-- Listed records --

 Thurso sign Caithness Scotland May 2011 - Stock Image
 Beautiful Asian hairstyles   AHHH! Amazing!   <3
==
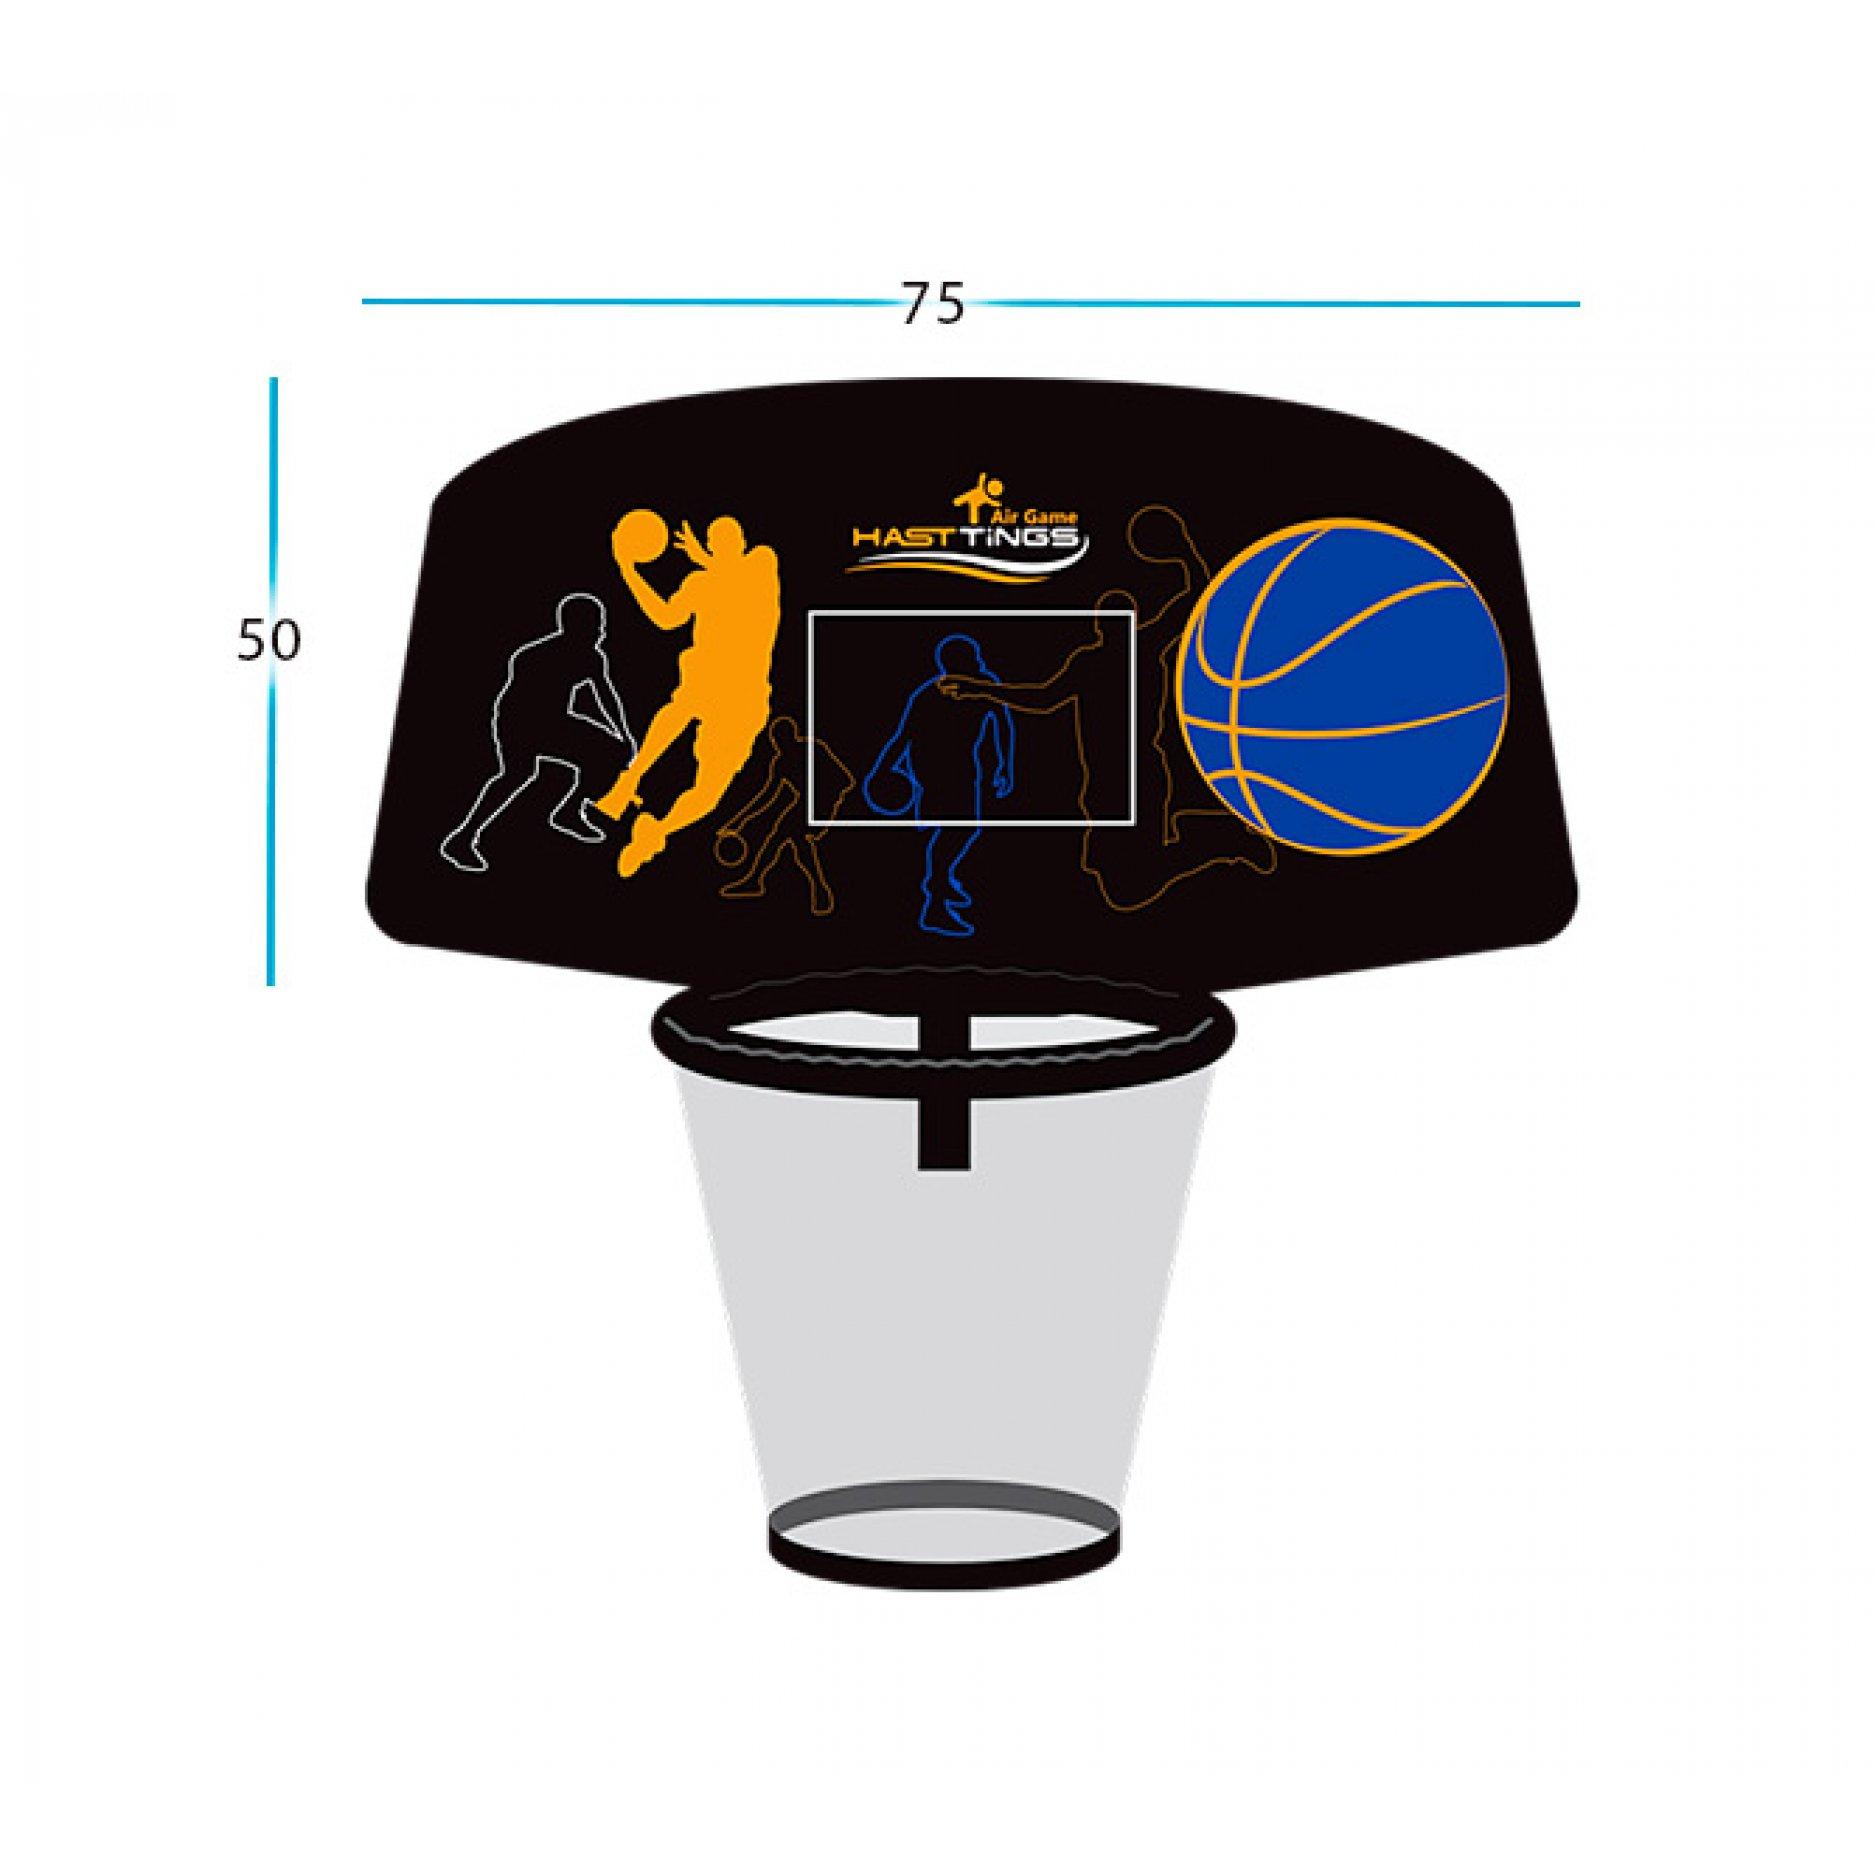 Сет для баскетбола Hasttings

-- Directions --
Output exactly one stretch of the listing: from the line containing "Thurso sign Caithness" through the line containing "Beautiful Asian hairstyles", both end lines included.

-- Reply to the exercise --
 Thurso sign Caithness Scotland May 2011 - Stock Image
 Beautiful Asian hairstyles   AHHH! Amazing!   <3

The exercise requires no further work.